Analizzando la scena politica locale noto sostanzialmente due compagini speculari. A destra abbiamo il partito di maggioranza (Forza Italia) in crisi esistenziale e sostanzialmente in difficoltà, una componente estremista sempre di moda e folkloristica (Forza Italia) e una componente giovane e attiva (Paderno Cresce). A sinistra abbiamo il partito di maggioranza (PD) in crisi esistenziale/ideologica, Una componente estremista forse eccessivamente radicata nel passato ma sempre di moda e folkloristica (PRC-PdCI-Sel-Etc) e una componente di nuova costituzione particolarmente attiva (Insieme per Cambiare).

Fermandosi a questa analisi sembrerebbe non esserci alcuna sostanziale differenza, eppure una c’è ed è anche di fondamentale e incommensurabile importanza. La prima compagine, quella di destra è attualmente al governo. Questa caratteristica le conferisce un’apparenza di coesione e unità che anche se magari non effettivamente esistente a livello concreto, come tale viene pubblicamente percepita. Ogni scelta, ogni attività sul territorio, ogni azione della giunta viene pubblicamente recepita come una produzione condivisa dell’intera compagine di governo della città. Non è Forza Italia o La Lega o Paderno cresce che sistema la ciclabile, che propone l’app. comunale o che illustra il tal progetto, pubblicamente la paternità di ogni iniziativa viene attribuita all’intero gruppo al governo della città. Diversamente, a sinistra è Insieme per Paderno che si preoccupa di approfondire il problema Seveso, mentre è il PD che decide di porre al centro dell’attenzione un approfondimento sul Jobs Act, mentre L’altra Paderno Dugnano si propone inizialmente come alternativa al Partito Democratico (salvo probabilmente entrarvi in coalizione alle prossime comunali) e propone approfondimenti sul tema scolastico.
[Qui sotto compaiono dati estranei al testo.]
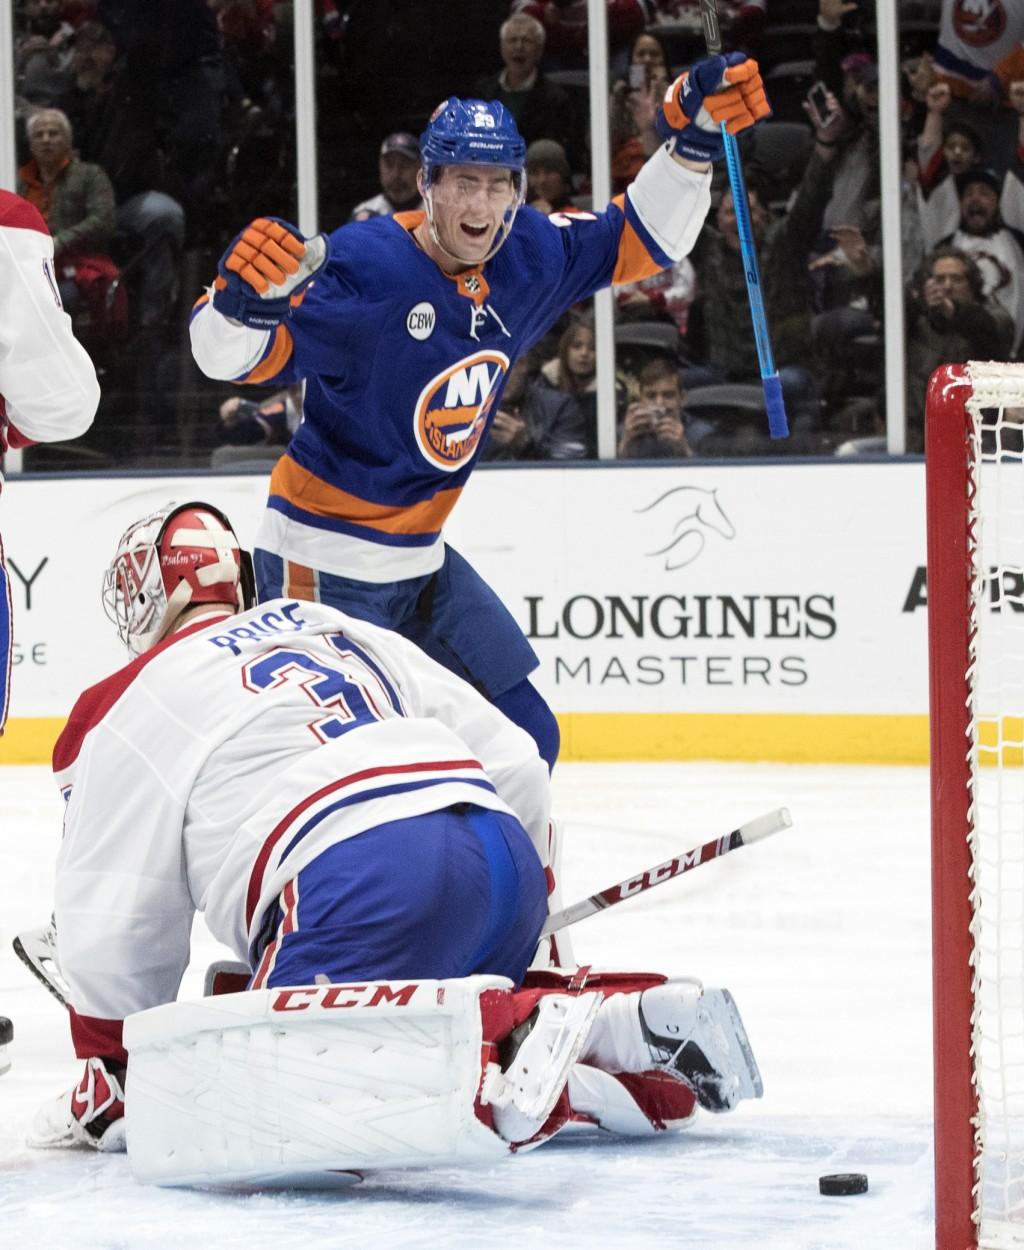 New York Islanders center Brock Nelson (29) reacts after defenseman Adam Pelech (not shown) scored a goal past Montreal Canadiens goaltender Carey Pri

Peccato che in questo secondo caso, pubblicamente ogni iniziativa venga percepita e attribuita alla componente politica che la promuove. Hai voglia sei mesi prima delle prossime elezioni comunali riuscire a mettere insieme tutte queste frattaglie, per dargli una parvenza di programma condiviso anziche di un Frankenstein arrabbattato all’ultimo minuto, con il principale partito di opposizione distratto dalle lotte intestine innescate dal meccanismo delle primarie.

Ha voglia Gianfranco Massetti a rilanciare al vento l’ennesimo monito. Sostanzialmente dalle considerazioni di Massetti emerge chiara e limpida l’unica possibile soluzione: “Serve ripartire insieme e non ognuno per la sua strada ritrovando una modalità di lavoro comune”. Ma la domanda sorge spontanea: Se non si è riusciti in ciò, favoriti dalla necessità politica di unire le forze per vincere le elezioni, come si vuol sperare di riuscire a realizzare quanto ipotizzato, nell’attuale limbo politico locale?

Insisto nella mia convinzione che manchi realmente una forza politica/sociale di centro in grado di attrarre le simpatie e l’appoggio dei moderati che non si riconoscono effettivamente in nessuna delle due forze politiche antagoniste attuali. Non meniamola con la storia che destra, centro e sinistra sono ormai concetti superati, chi non sta da una parte sta per forza dall’altra, e chi non sta in nessuna delle due sta in mezzo, diamogli pure il nome che si preferisce ma il concetto è questo. Al centro attualmente non vi è nessuna rappresentanza alternativa per gli insoddisfatti, i delusi, i diffidenti dalle due fazioni politiche storiche, un ago della bilancia indipendente.

Attualmente al centro vi si potrebbe collocare il Movimento 5 Stelle, peccato che il principale obiettivo di questa forza politica sia fondamentalmente l’eliminazione degli antagonisti. Di conseguenza senza destra e sinistra non esisterebbe nemmeno un centro e quindi, la verifica del teorema a 5 stelle non contemplerebbe la possibilità di una qualsiasi alternativa e quindi di una qualsiasi scelta democratica.
Detto ciò al momento non posso che condividere convintamente quanto ribadito tanto da Giuranna quanto da Massetti: “Comunque, così non si va lontano”.